それなら良いんだけどさ、、、、、、、、、、、

 陸は無意識にそんな返しをしていた……。それは、少なからず友達以上の関係として見ていること。

 心が動いている証明的なものだった。


「り、りく君こそ……、こ、こんなことをするのは私だけにしてほしい……」

「……そう言われても、俺は雫みたいにモテるわけじゃないんだし、気にする必要はないんじゃないか?」

「……約束、して」


 自己評価が低い陸はそんな返事をするが、雫に安心の気持ちはない。危機感がまさっているからこそ、こんな約束をするのだ。


「分かった。もし約束を破ったら、雫の言うことなんでも聞くよ」

「……な、なんでも?」

「ああ。だって破る気もないし、破ろうとしても破れないだろうし」

「な、なんでも私の言うことを聞いてくれるなら、一回だけ大目に見てあげる……」

「もうそれ、約束の意味ないだろ……」


 陸は知らないだろう。好きな人に“なんでも”言うことを聞いてくれることは、雫が一番手に入れたいものであるということに……。

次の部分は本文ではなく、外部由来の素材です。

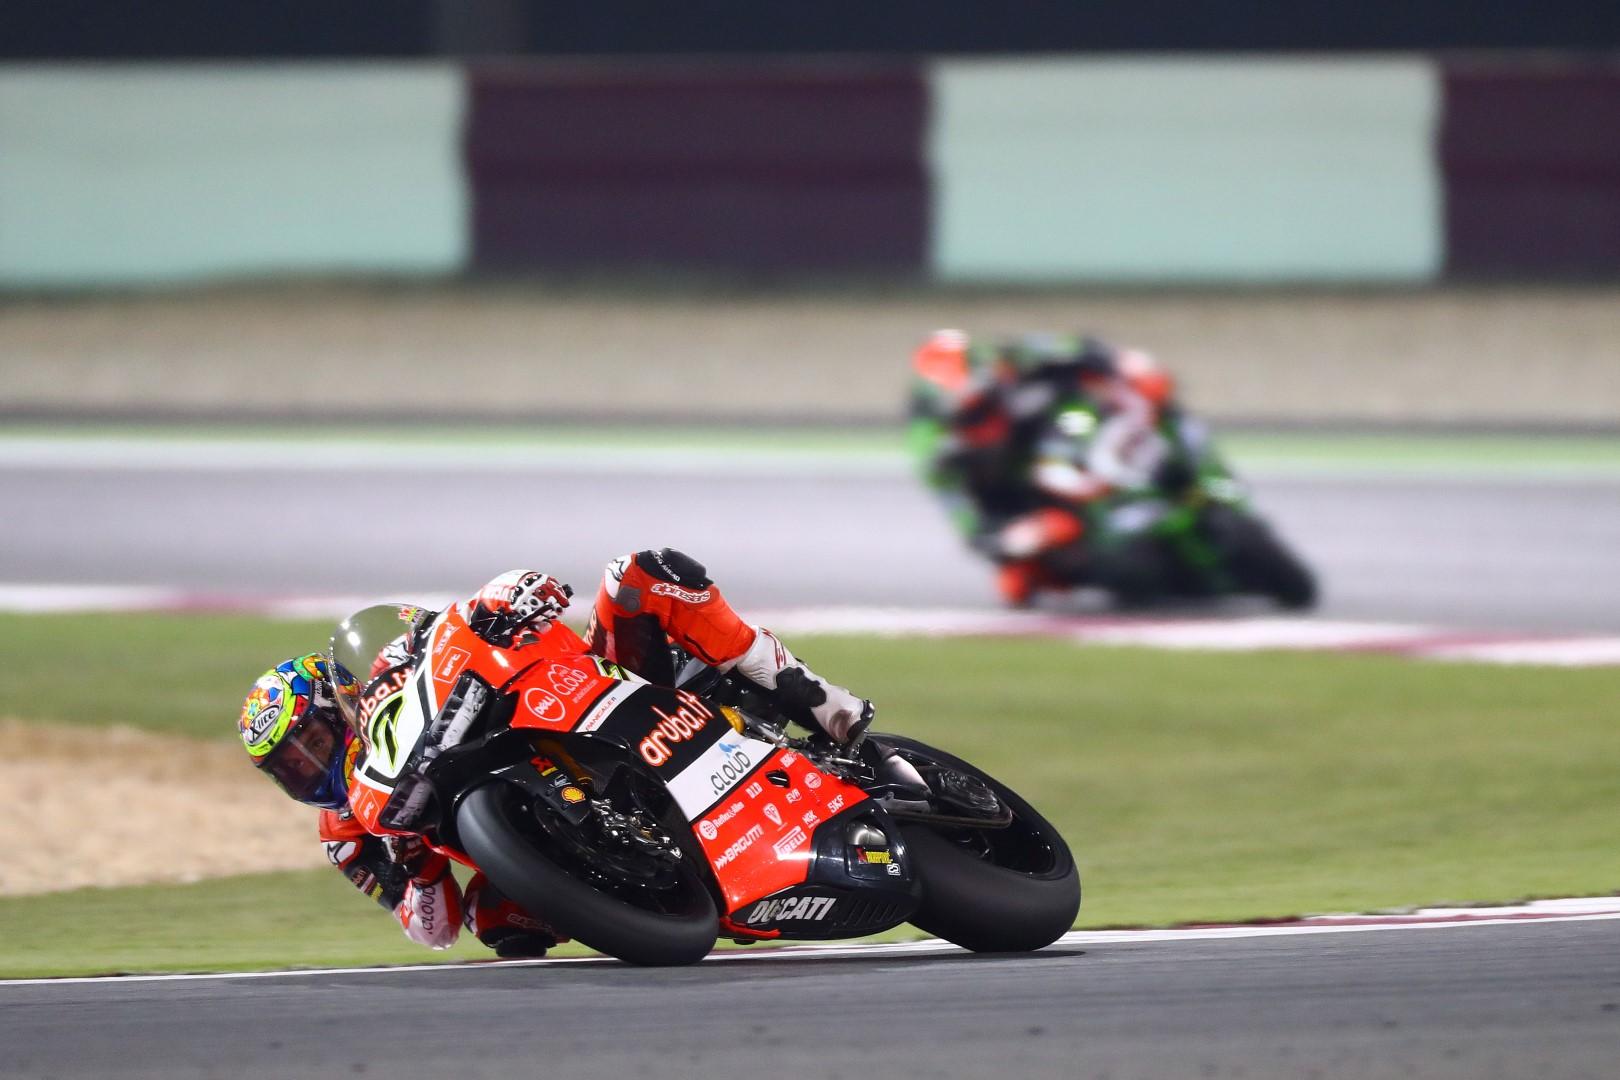 El subcampeonato de Superbike enfrenta a Ducati con Kawasaki
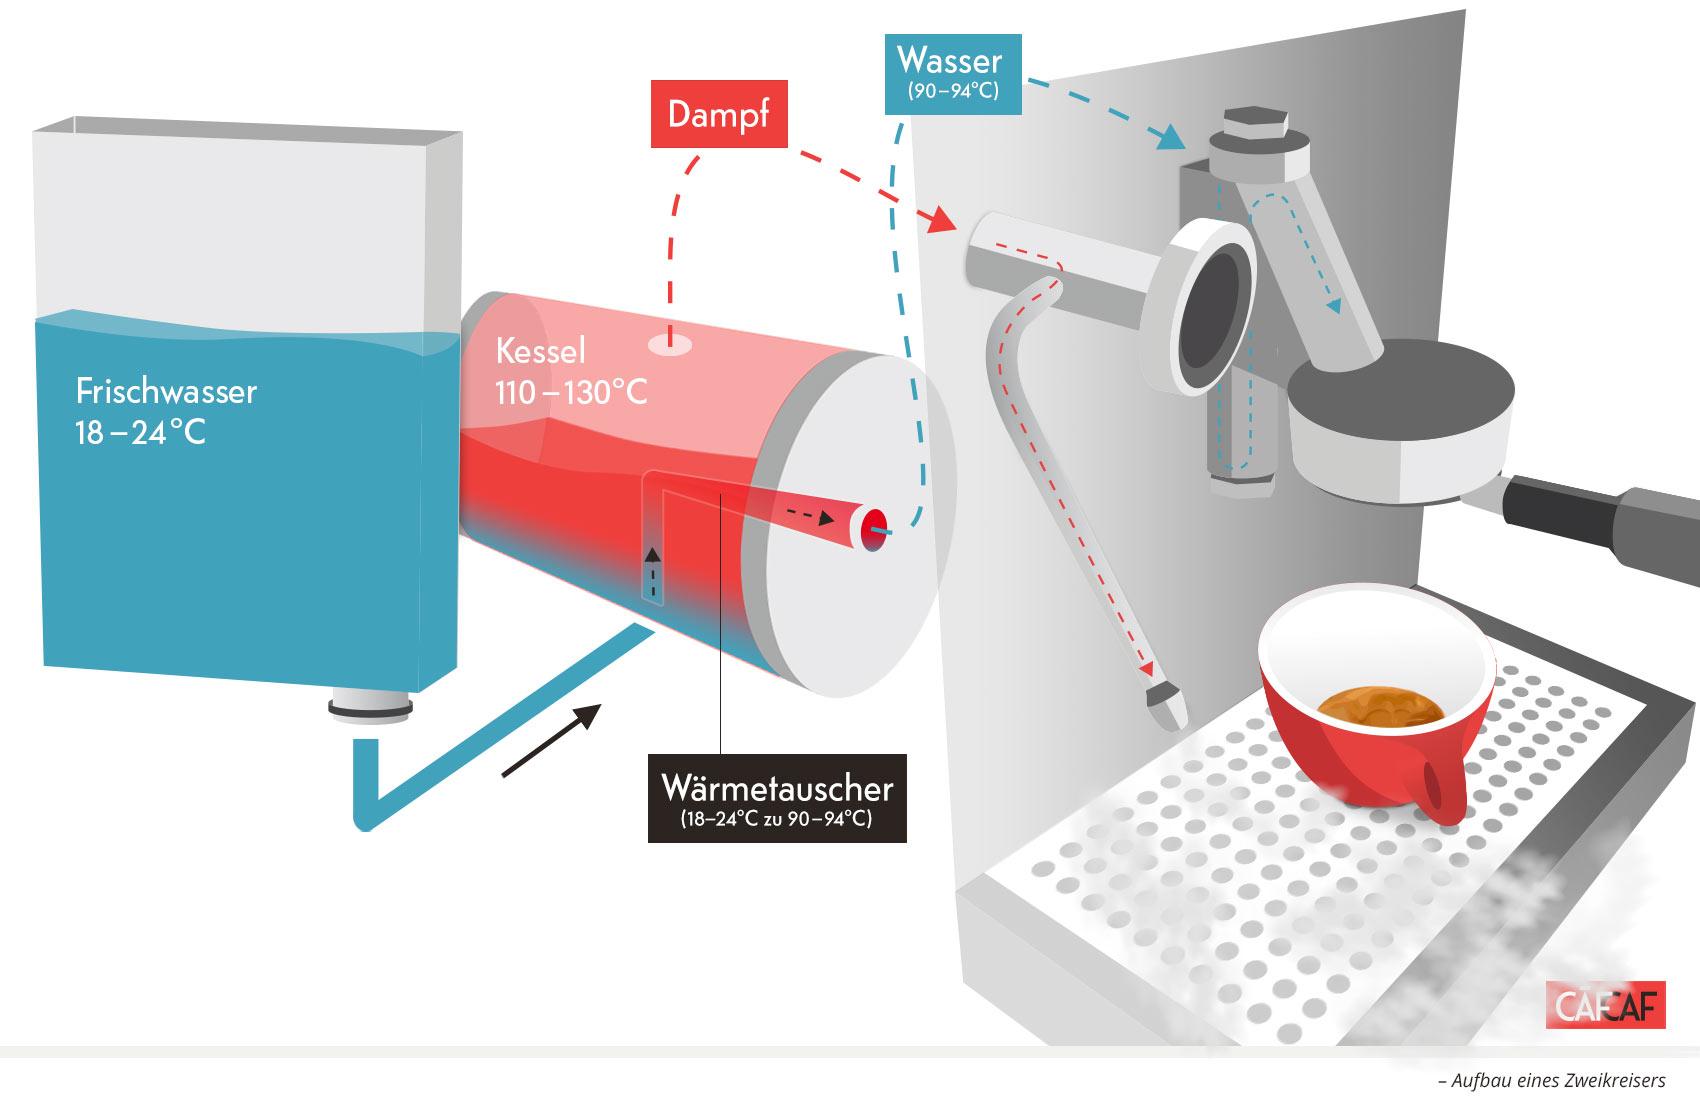 CafCaf Kaffee Blog, Kaffeeblog: Aufbau Zweikreiser, Schaubild

 ただ、それを実際に考えるのはまだまだ早い。陸が約束を破ってから始まることなのだから。


「りく君……。手、止まってる……」

「それなんだが……そろそろやめないか? 昼休みもあと少しで終わるし」

「……」

「本当、変わってないな……」


 唐突に無視してくるのは、『まだ物足りない。もっとしてほしい』とアピールである。

 この流れだと雫の気持ちを理解するのは簡単なこと。陸は再び雫の柔らかい髪をゆっくりと撫でていく。


「りく君……。こんな私が嫌だったら早く言ってね……。もし、貴方の彼女になったらこんなものじゃおさまらないないと思うから。……今のうちに治しておきたいの」

「そ、そんなことは気にしないで良いって。……そうやって甘えてくる雫が嫌なわけじゃないからさ」

「うん……。ありがとう……」


 雫はその後……何も喋ることなく目を瞑り、数年ぶりの頭撫でを噛み締めていた。

 そしてさらに数分が立った頃ーー雫は陸の太ももに両手を当て、ゆっくりと起き上がり脱いでいたローファーを履く。


「も、もう良いのか……?」

「ええ……。だって、これ以上私が陸くんに甘えたら、貴方のお昼ご飯を食べる時間が無くなるもの……」


 昔していた膝枕に満足したのか、頰を赤らめながら雫は小さな笑みを見せている。

 だがしかし……雫の表情を見ればどこか名残惜しそうにしている……。雫は陸を思って我慢していのだ。


「雫。……今日一緒に帰らないか?」

 そんな表情を見た瞬間、陸は考える間もなくこの言葉を出していた。


「い、良いの……?」

「いきなりで悪いけどさ」

「あ……。で、でも今日は生徒会の用事で遅れるからーー」

「そのくらい待ってるよ」

「う、うん。ありがとう。そ、それじゃあ正門で待ち合わせを……」

「分かった」


 そうして、陸は初めて自らの口で雫と一緒に帰ることを約束したのだ……。


 この時、陸には確かな嬉しさがあった……。その思いと同時に、ある気持ちも悟った……。


『雫のことを好きなのかもしれない』……と。